Предъявляя Западу счет за гибель культуры и равнодушие, с которым там отнеслись к трагедиям Венгрии 1956 года, Чехии 1968, польским событиям 1956, 1968 и 1970 годов, Кундера с горечью констатирует, что, согласившись сдвинуть границу между Восточной и Западной Европой на запад и отдав Центральную Европу под власть чуждой им России (Кундера упорно говорит именно о России, а не об СССР), Западная Европа с легкостью отреклась от своей неотъемлемой части, которую она " уже больше не воспринимала как ценность".

Резкое отторжение Кундерой России как чуждой европейскому духу цивилизации способствовало тому, что его статья, отчасти похожая на вопль потрясенного концом Пражской весны интеллектуала, очень скоро превратилась в манифест геополитической доктрины о "большой Европе". Ведь речь шла о восстановлении исторической справедливости, поруганной участниками ялтинского сговора:

"Центральной Европы больше не существует. Три мудреца в Ялте разделили ее надвое и приговорили к смерти.

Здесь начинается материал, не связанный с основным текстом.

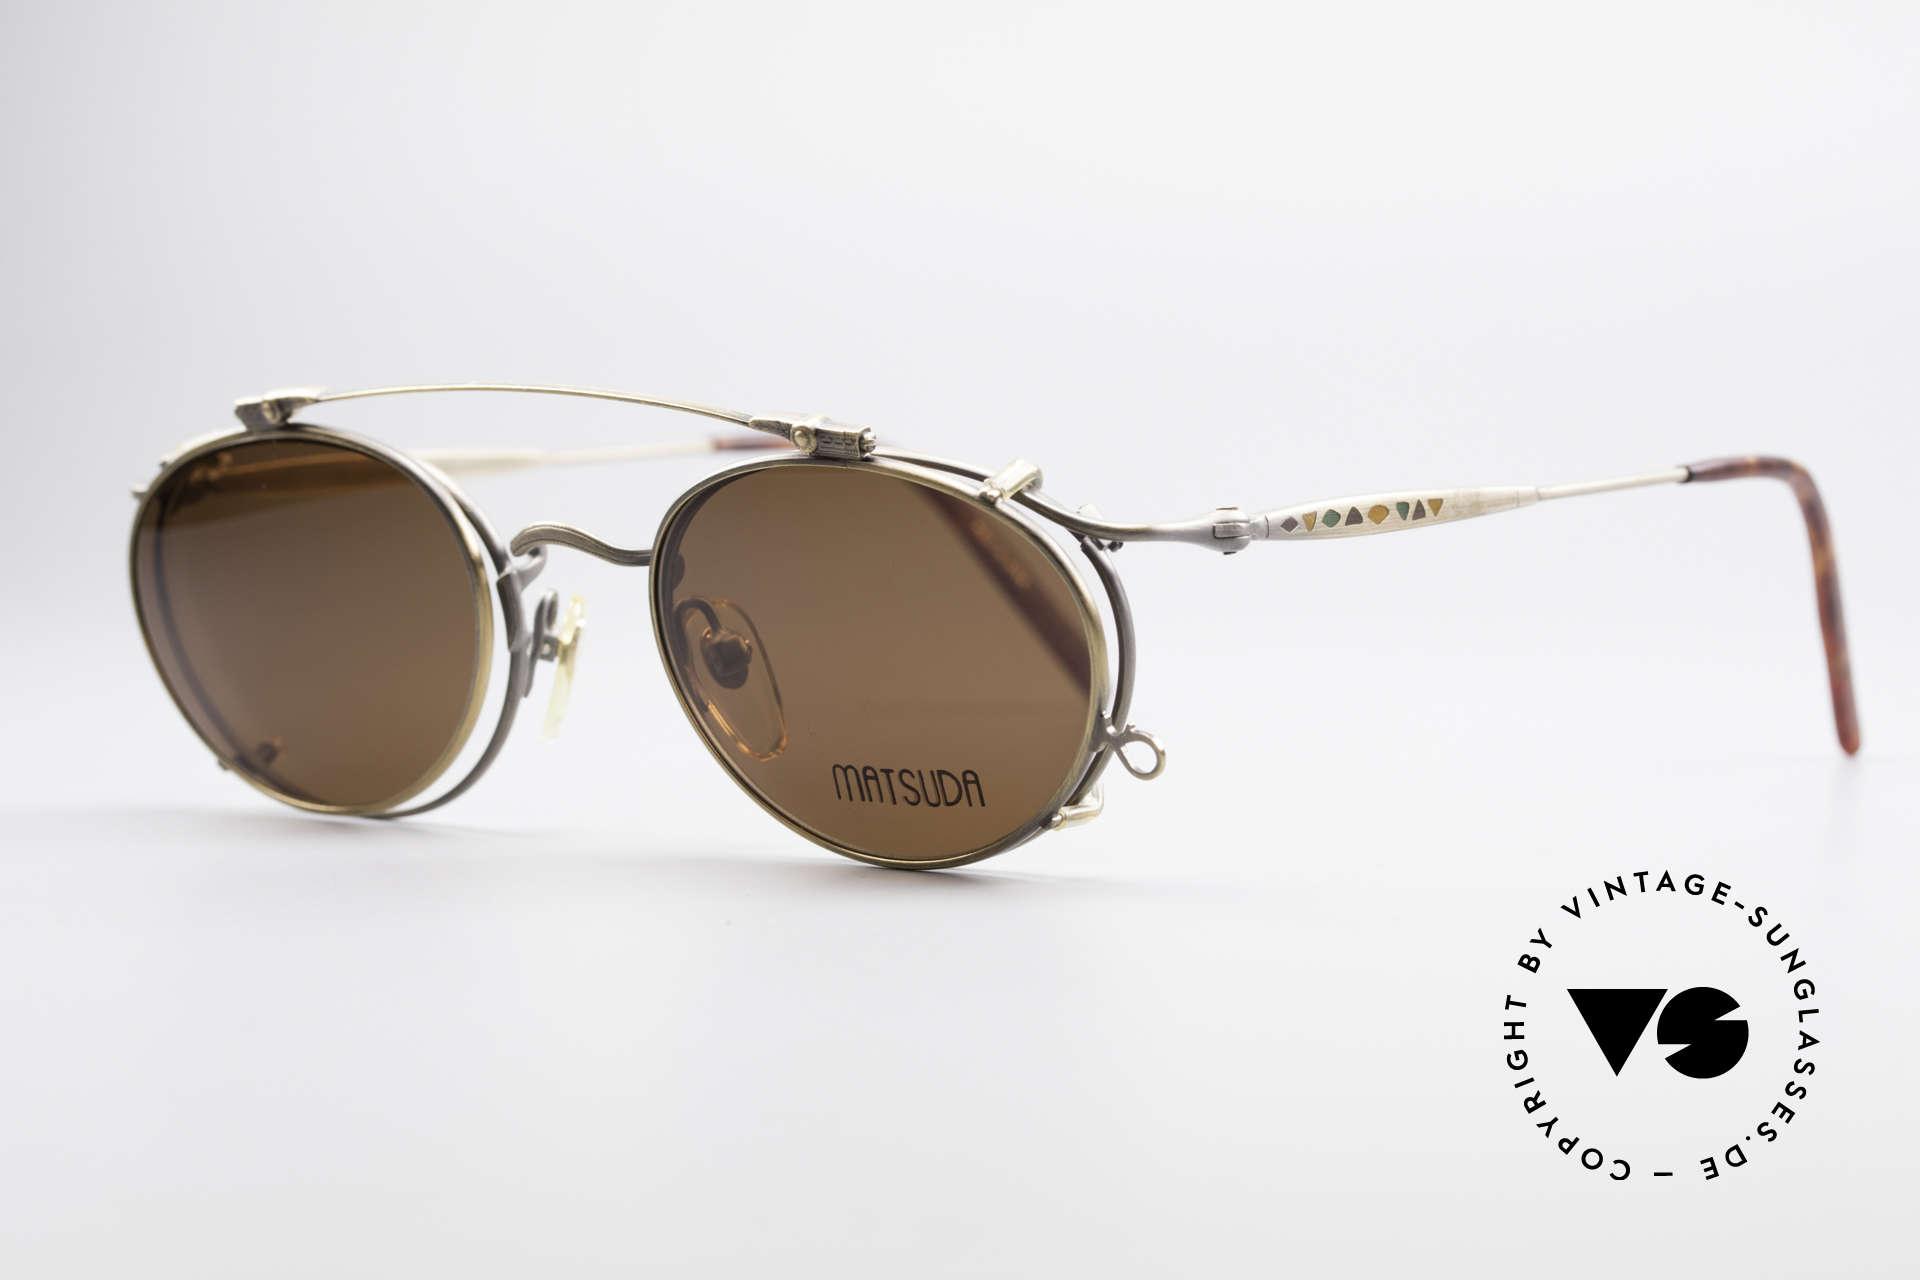 """Matsuda 2853 Steampunk Vintage Brille, viele interessante Rahmendetails im """"Retro-Futurismus"""", Passend für Herren"""

Им было все равно, что станет с великой культурой... страны Центральной Европы ощущают, что перемены, которые произошли в их судьбе после 1945 года, были катастрофой не столько политического характера, скорее речь можно было бы вести о нападении на их цивилизацию" .

Оставив за скобками разговоры о заказном характере статьи, начавшиеся практически сразу после ее публикации, нельзя не признать, что в тексте Кундеры было выражено настроение значительной части интеллектуалов стран Варшавского договора, которые ненавидели коммунистические режимы своих стран и их источник - СССР. Считая свои страны частью цивилизованной Европы, они искали и находили подтверждения обоснованности своего стремления на Запад и видели в Советском Союзе наследника российского империализма, душившего демократию в Центральной Европе еще со времен революций 1848 года.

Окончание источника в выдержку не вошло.